Participants will be trained in

  • understanding the mathematical and statistical properties of the models and inference procedures,
  • implementing, executing, and interpreting R scripts,
  • conducting a small empirical project,

when doing the assignments and presenting them in class.

Attendance requirements

Attendance is mandatory for at least 80% of the lectures

Teaching/learning method(s)

The course is organized as follows: Lecture with slides. The methods are illustrated using real data sets. There is some discussion of selected parts of the assignments in class.

Assessment

Grading is based on homework assignments, their presentation, and the final exam. The assignments must be solved individually.

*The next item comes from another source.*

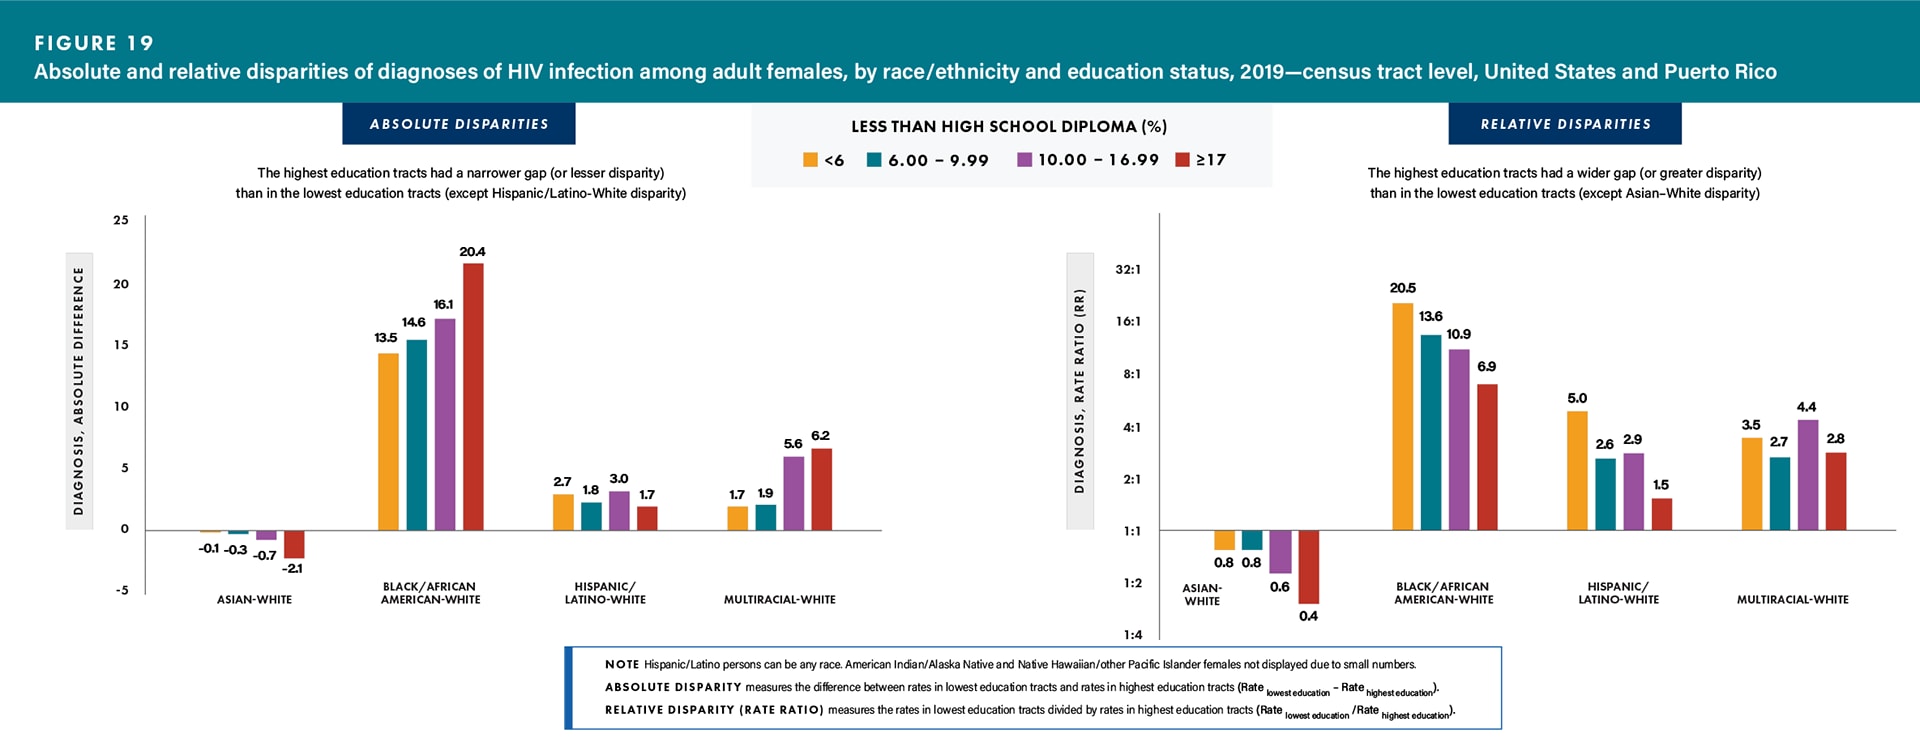 For absolute disparities, the highest education tracts had a narrower gap (or lesser disparity) than in the lowest education tracts (except Hispanic/Latino–White disparity). For relative disparities, the highest education tracts had a wider gap (or greater disparity) than in the lowest education tracts (except Asian–White disparity).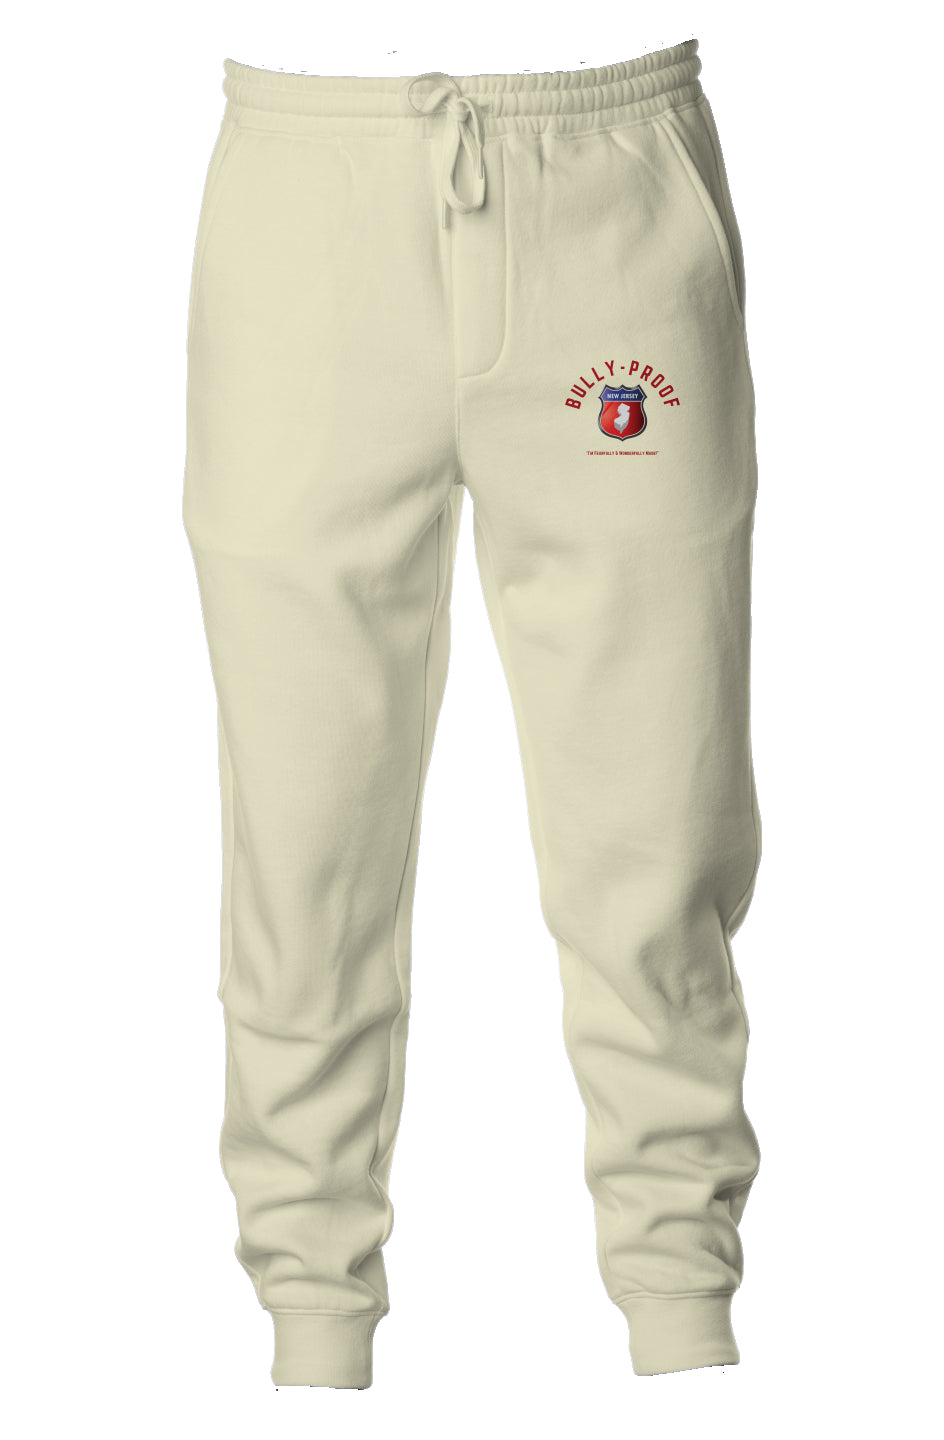 Bully-Proof NJ Collection Midweight Fleece Joggers

The students indicate before the beginning of the class which assignments they have solved and are willing to discuss in class.

The contributions to the grade are

  • 10% for each homework assignment and classroom presentation; in total 5 assignments (the last one is a small project), i.e., max 50% of the grade,
  • 50% final exam.

Grading is as follows (in percentage of the total number of credit points):

1 (at least 90%), 2 (at least 80%), 3 (at least 65%), 4 (at least 50%), and 5 (else).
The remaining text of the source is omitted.